Strategi Diversifikasi Pertanian dan Penanaman Tanaman Perkebunan
Sebagai bagian dari strategi ketahanan pangan, Dedi Mulyadi mengusulkan peralihan pekerjaan bagi para pekerja harian dari sektor konstruksi ke sektor pertanian perkebunan. “Termasuk mengalihkan profesi pekerjaan yang tadinya kuli buruh menanam sayur menjadi buruh menanam teh dan menanam kopi, serta tanaman keras lainnya,” jelasnya. Program ini tidak hanya bertujuan meningkatkan pendapatan, tetapi juga memperbaiki fungsi ekologi daerah yang selama ini didominasi oleh lahan pertanian intensif.

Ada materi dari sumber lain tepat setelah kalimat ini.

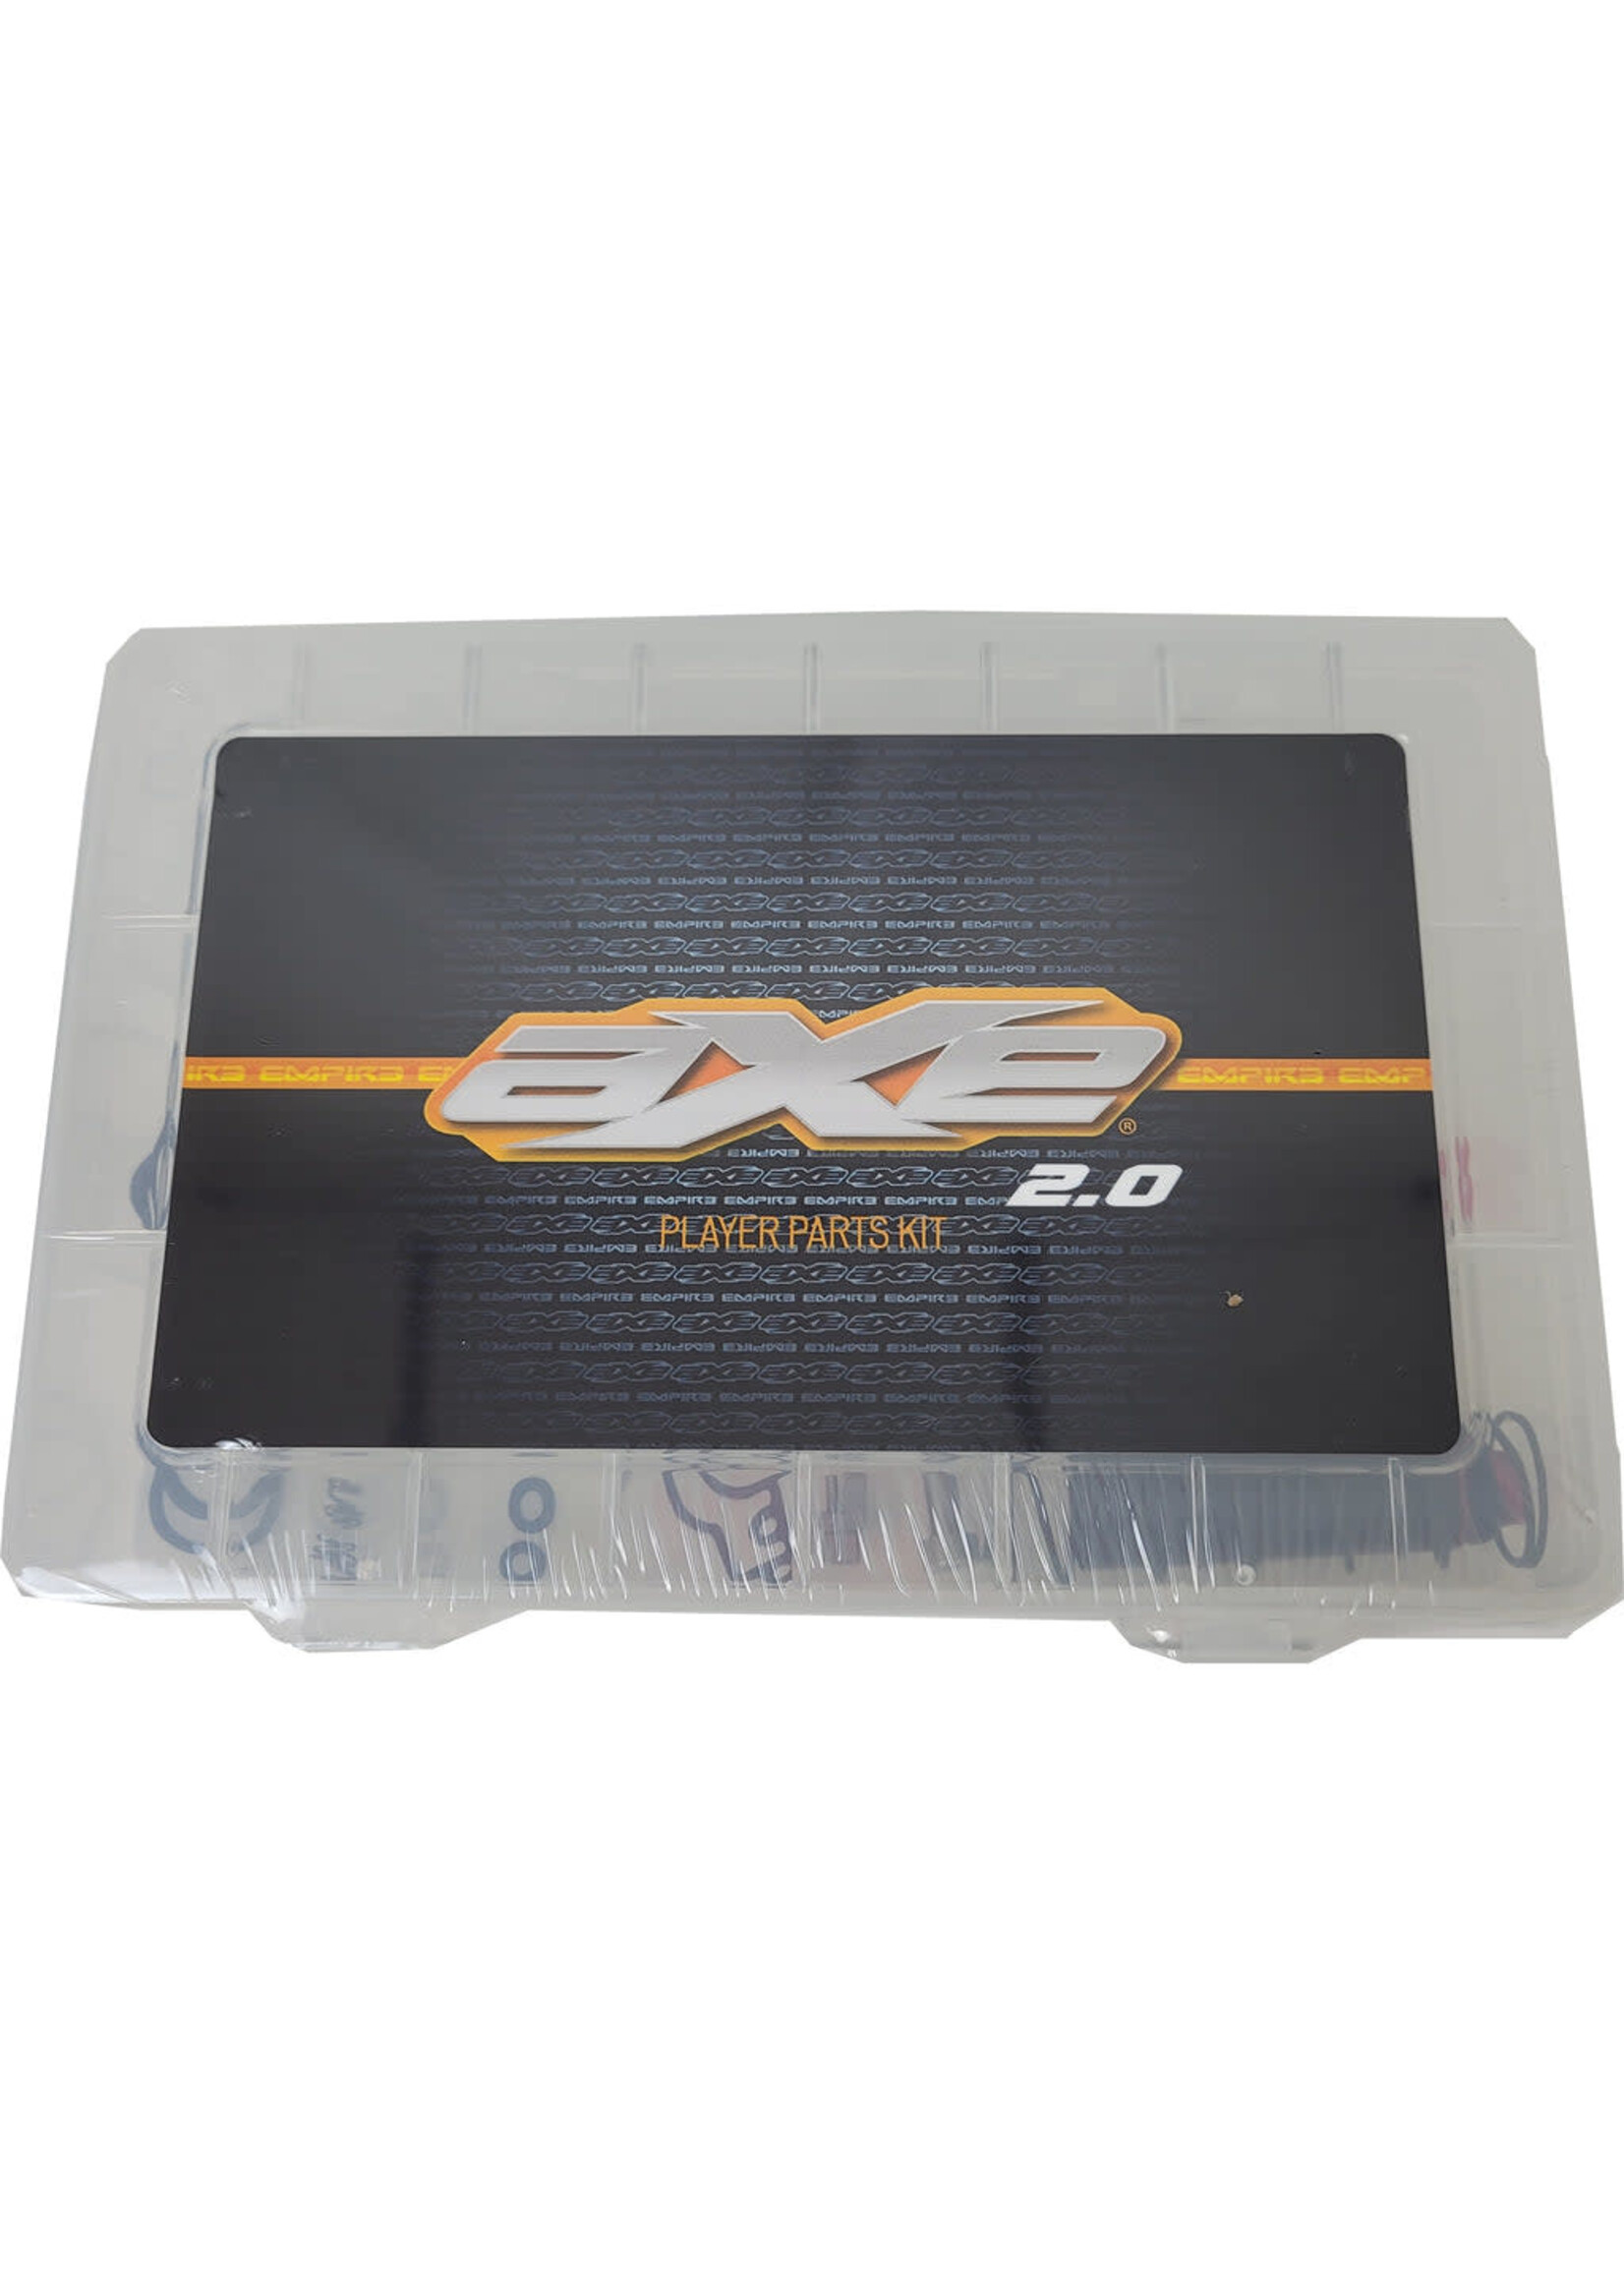 EMPIRE Empire Axe 2.0 Parts Kit - Parts for Axe 2.0 Marker

Beberapa langkah konkret yang telah diimplementasikan meliputi:
- Penyuluhan teknik pertanian berkelanjutan kepada petani di Dayeuhkolot dan sekitarnya.
- Penyediaan bibit sayur, kopi, dan teh yang tahan terhadap kondisi tanah dan iklim lokal.

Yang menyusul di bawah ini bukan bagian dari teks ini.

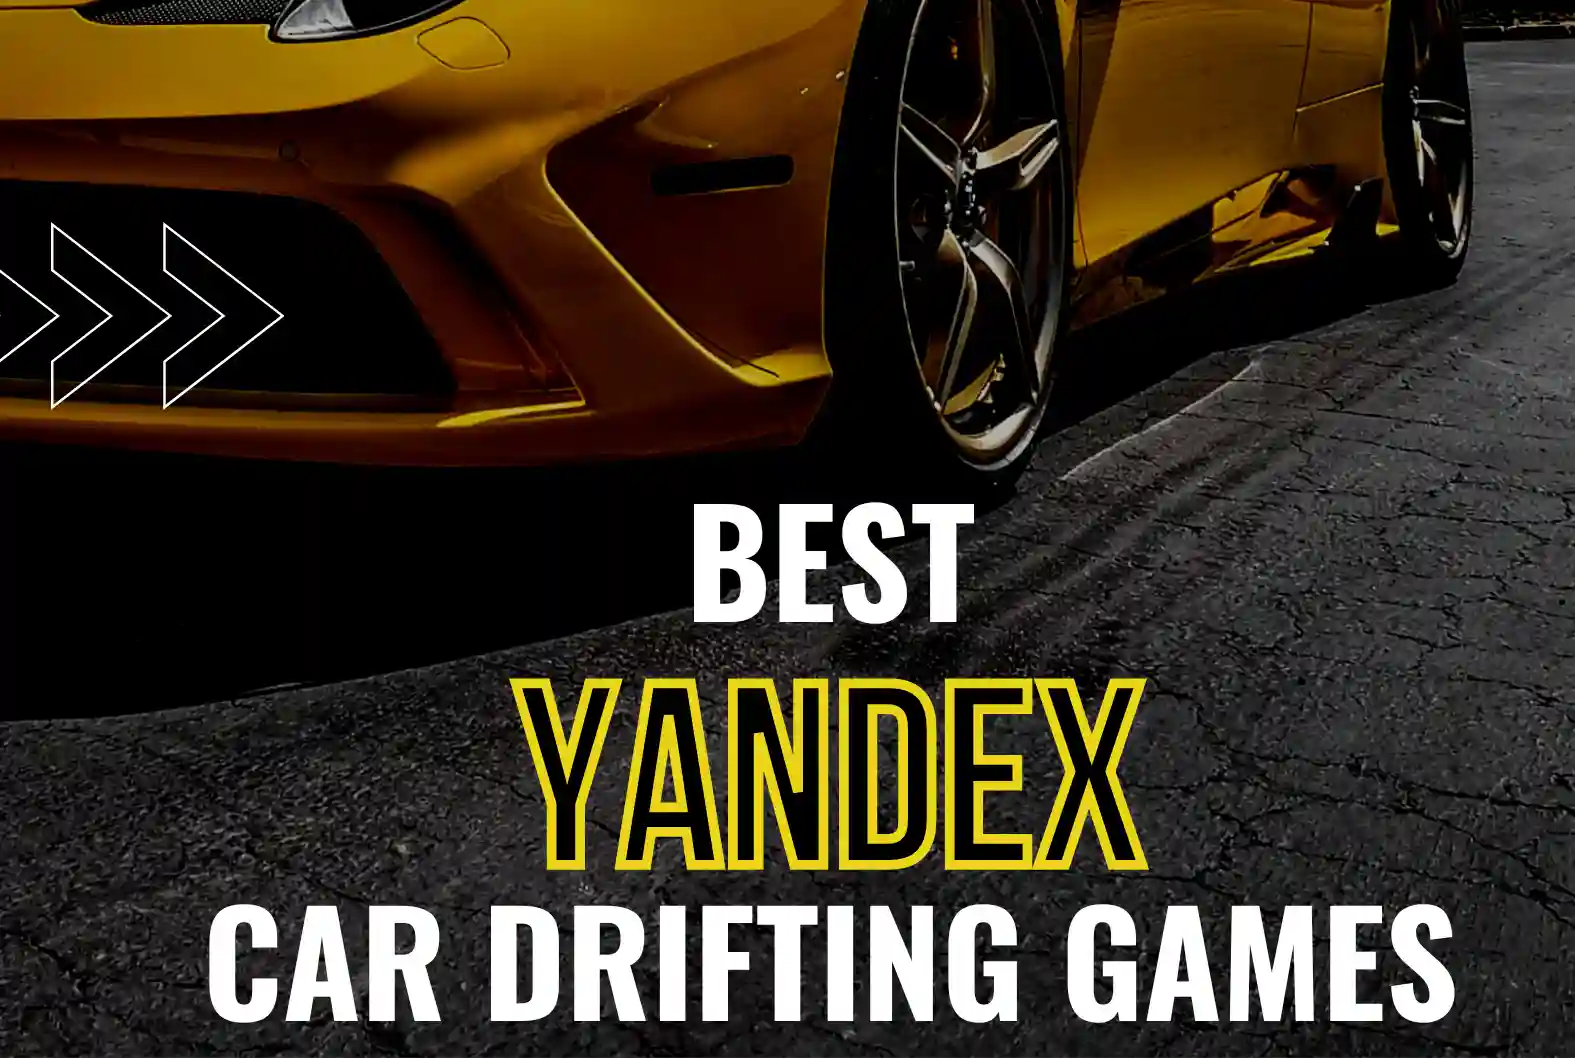 The Best Yandex Car Drifting Games

- Pembentukan koperasi pertanian untuk memfasilitasi pemasaran hasil panen secara langsung ke pasar kota.
Gubernur menegaskan bahwa perubahan ini harus meningkatkan pendapatan petani, bukan menguranginya. “Mereka tetap tidak boleh kehilangan penghasilannya, bahkan harus bertambah,” tegas Dedi.
Isu Lingkungan Lainnya: Sampah dan Infrastruktur
Selain banjir, Kabupaten Bandung menghadapi tantangan lain seperti penumpukan sampah. Data terbaru menunjukkan produksi sampah mencapai sekitar 1.800 ton per hari. Pemerintah daerah telah mengoptimalkan fasilitas TPST, mengimplementasikan program zero waste, dan mengembangkan RDF (Refuse Derived Fuel) untuk mengubah sampah menjadi energi.
Inisiatif ini diharapkan dapat mengurangi beban pada Tempat Pembuangan Sementara (TPS) serta mengurangi potensi pencemaran yang dapat memperparah risiko banjir di daerah aliran sungai.
Harapan dan Langkah Kedepan
Gubernur Dedi Mulyadi menutup kunjungannya dengan harapan bahwa sinergi antara pemerintah, masyarakat, dan sektor swasta akan menghasilkan solusi jangka panjang. Ia menekankan pentingnya kesadaran kolektif dalam menjaga hutan, mengelola air, dan memajukan pertanian berkelanjutan.
Dengan upaya terkoordinasi, diharapkan Dayeuhkolot dan kecamatan sekitarnya dapat mengurangi frekuensi dan dampak banjir, meningkatkan kesejahteraan petani, serta melestarikan nilai‑nilai alam yang menjadi identitas wilayah Bandung Selatan.